### [Activity]
Give every line of the data again, unchanged, but with no pictures.

─── The data

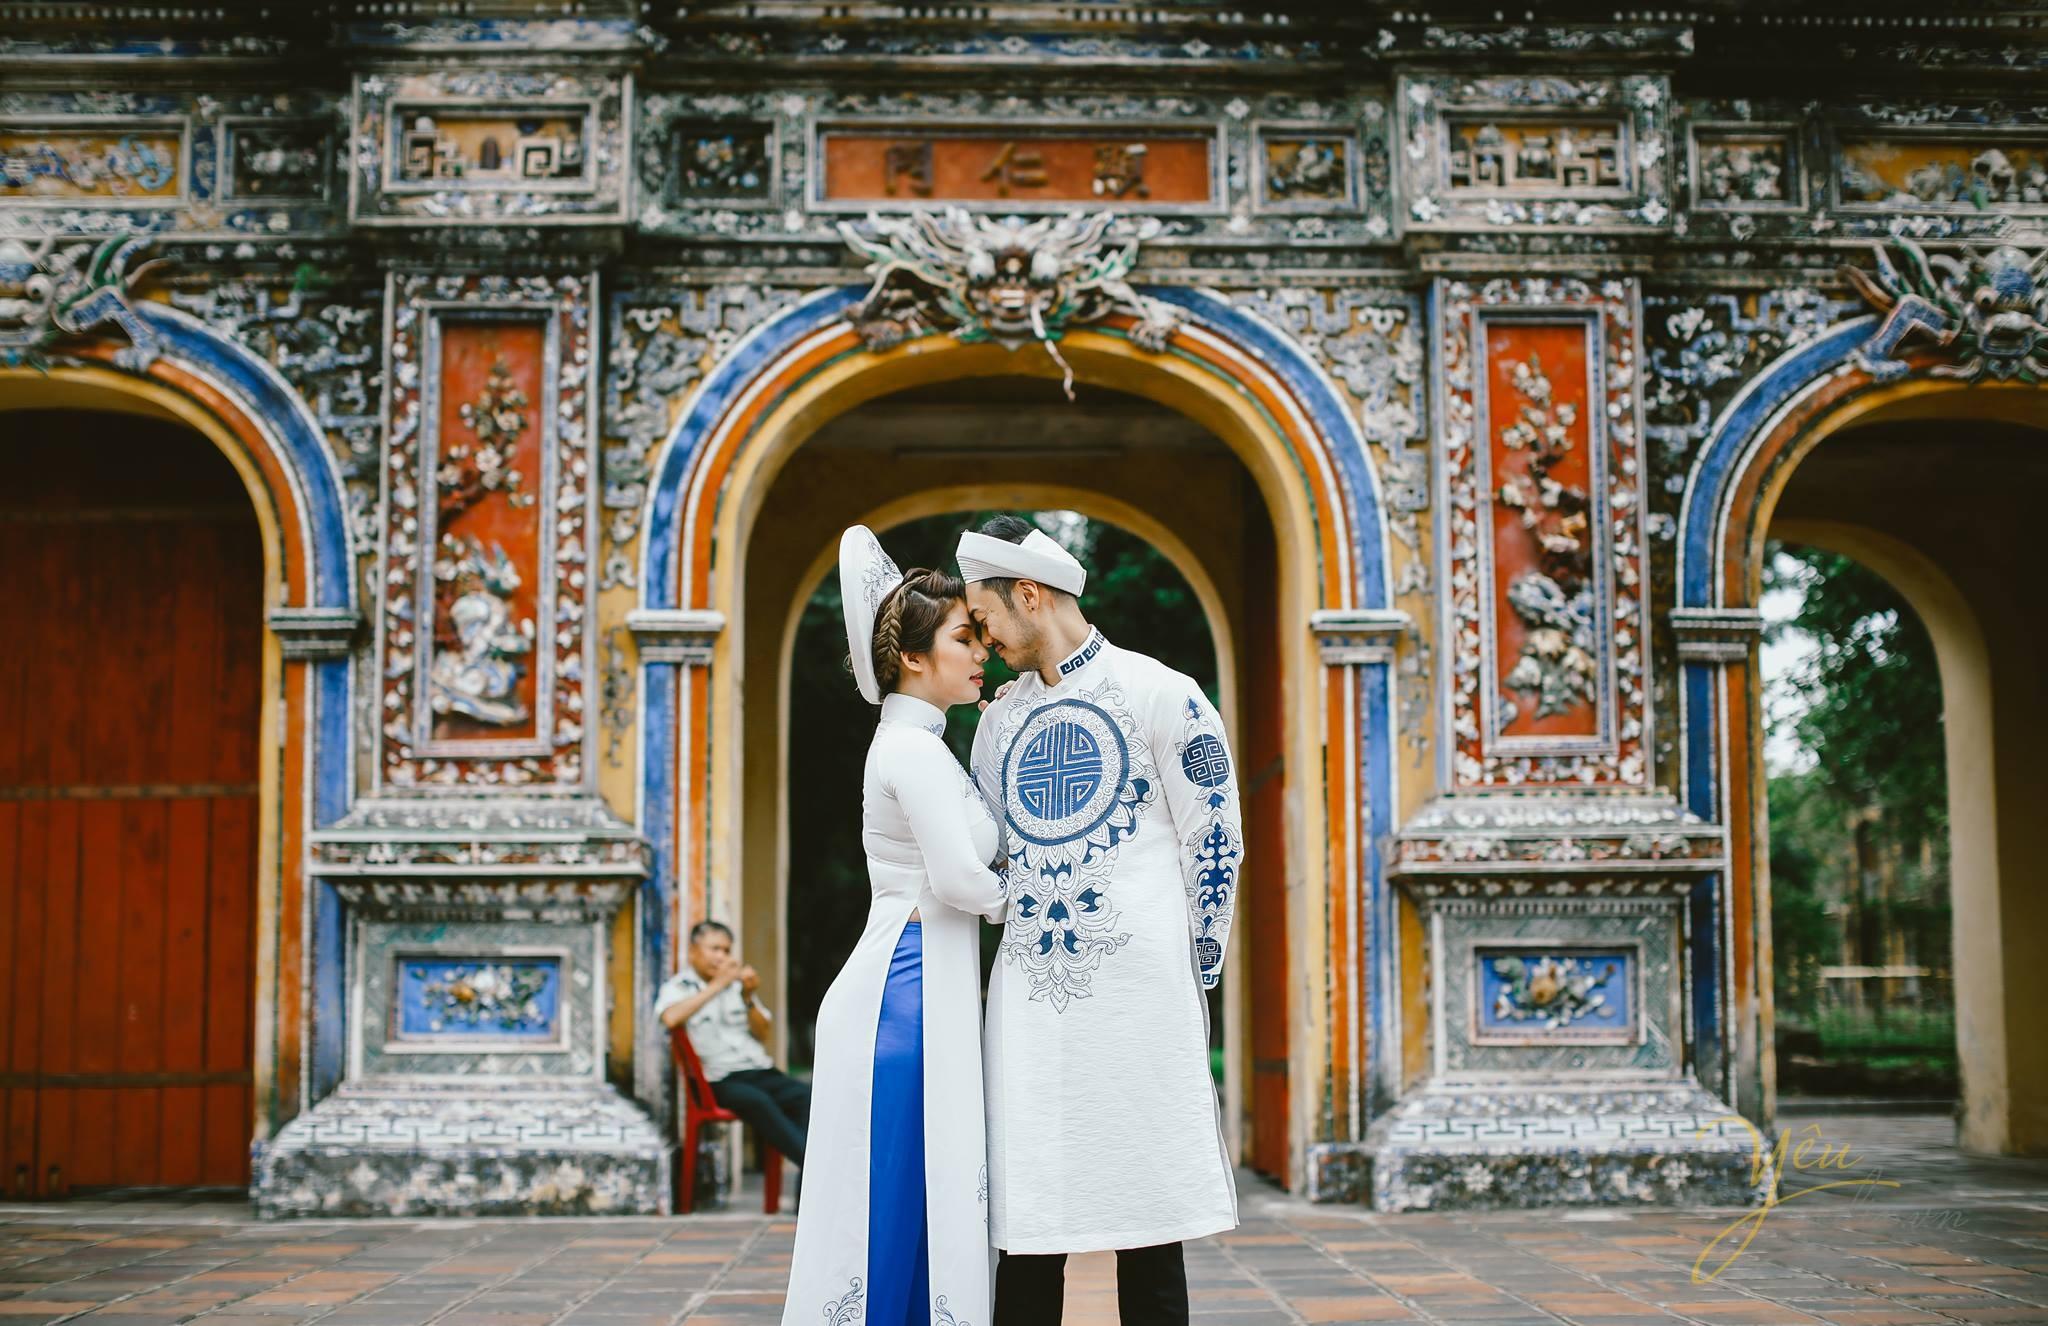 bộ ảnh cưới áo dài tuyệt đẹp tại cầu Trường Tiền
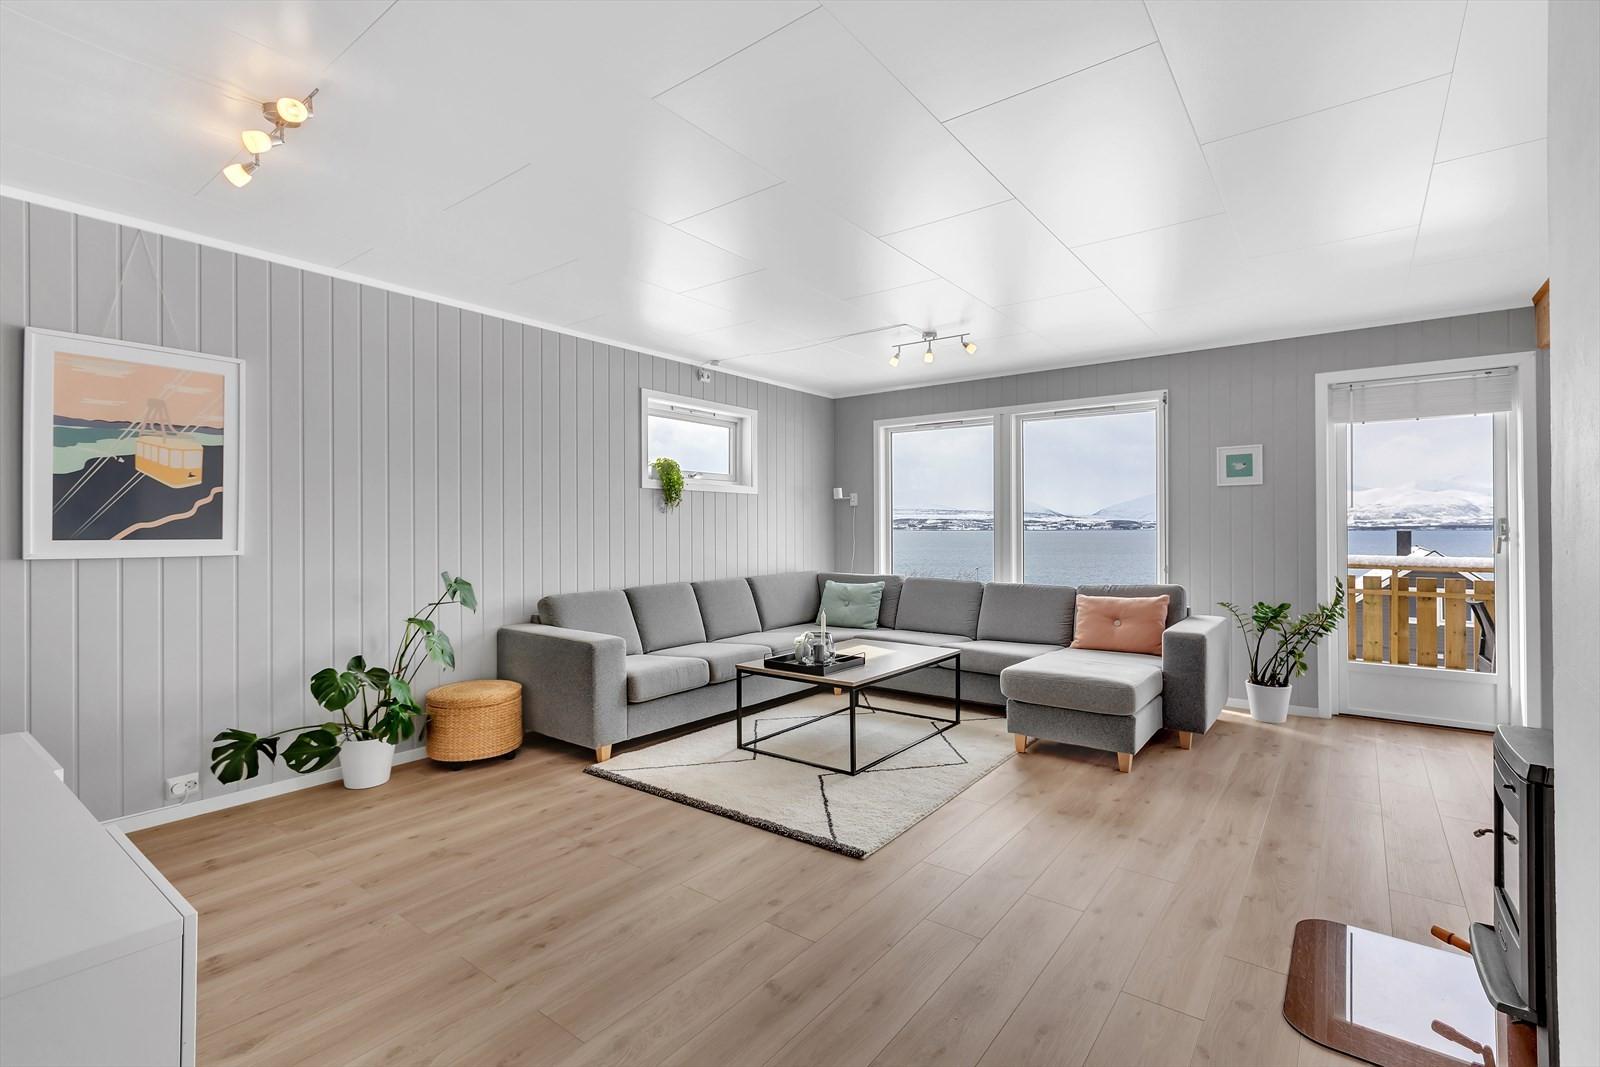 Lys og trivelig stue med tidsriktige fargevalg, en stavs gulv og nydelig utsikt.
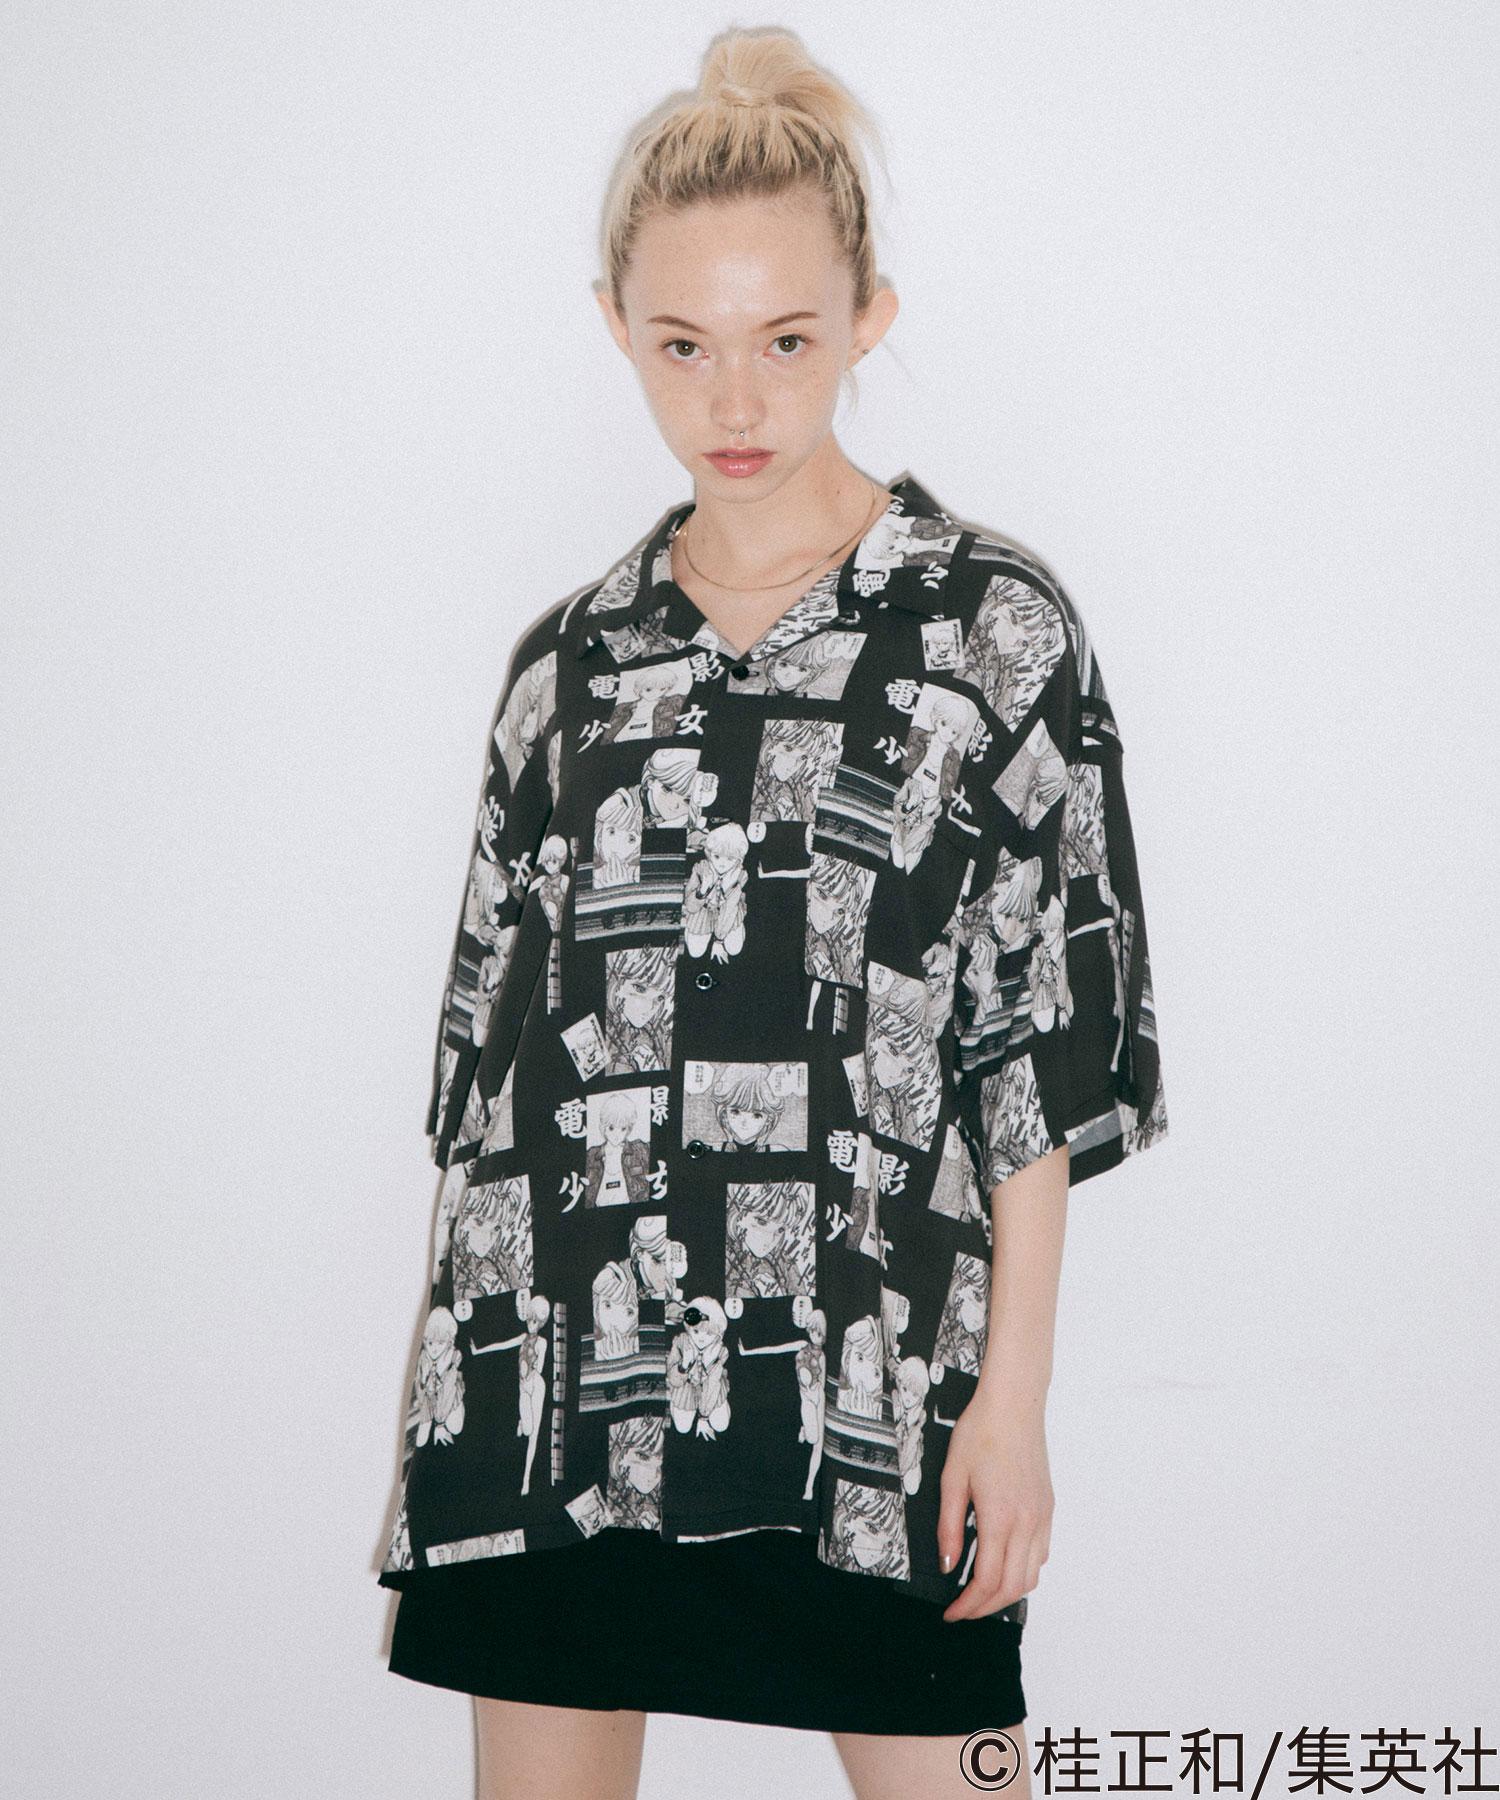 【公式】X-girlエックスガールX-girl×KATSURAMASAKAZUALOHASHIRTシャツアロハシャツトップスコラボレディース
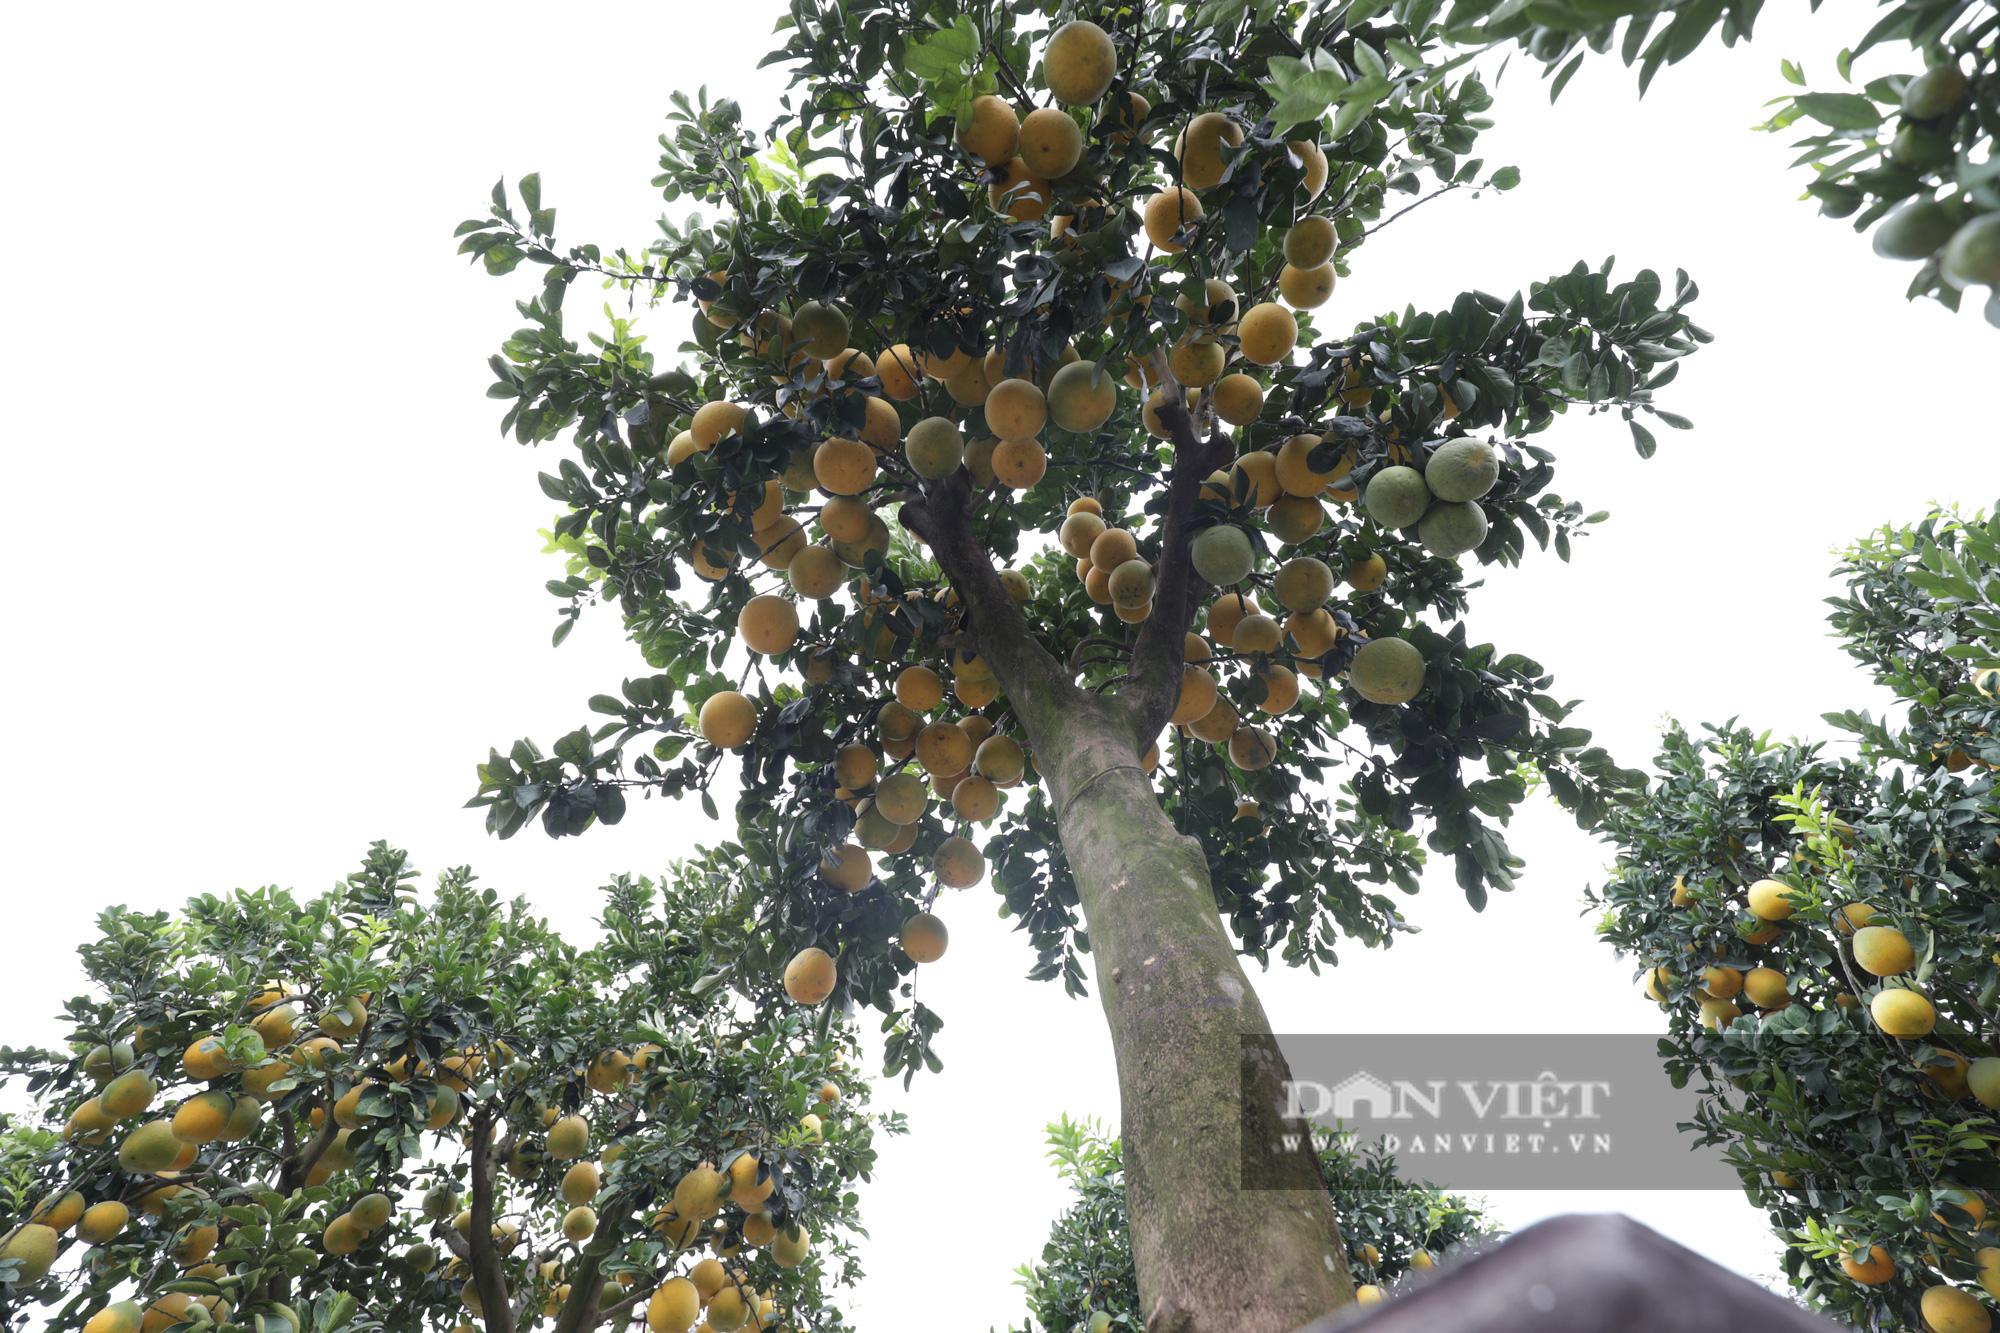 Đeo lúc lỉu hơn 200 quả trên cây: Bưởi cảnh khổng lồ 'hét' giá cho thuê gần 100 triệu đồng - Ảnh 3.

──────

### [Written response]
 bộ ảnh cưới áo dài tuyệt đẹp tại cầu Trường Tiền
 Lys og trivelig stue med tidsriktige fargevalg, en stavs gulv og nydelig utsikt.
 【公式】X-girlエックスガールX-girl×KATSURAMASAKAZUALOHASHIRTシャツアロハシャツトップスコラボレディース
 Đeo lúc lỉu hơn 200 quả trên cây: Bưởi cảnh khổng lồ 'hét' giá cho thuê gần 100 triệu đồng - Ảnh 3.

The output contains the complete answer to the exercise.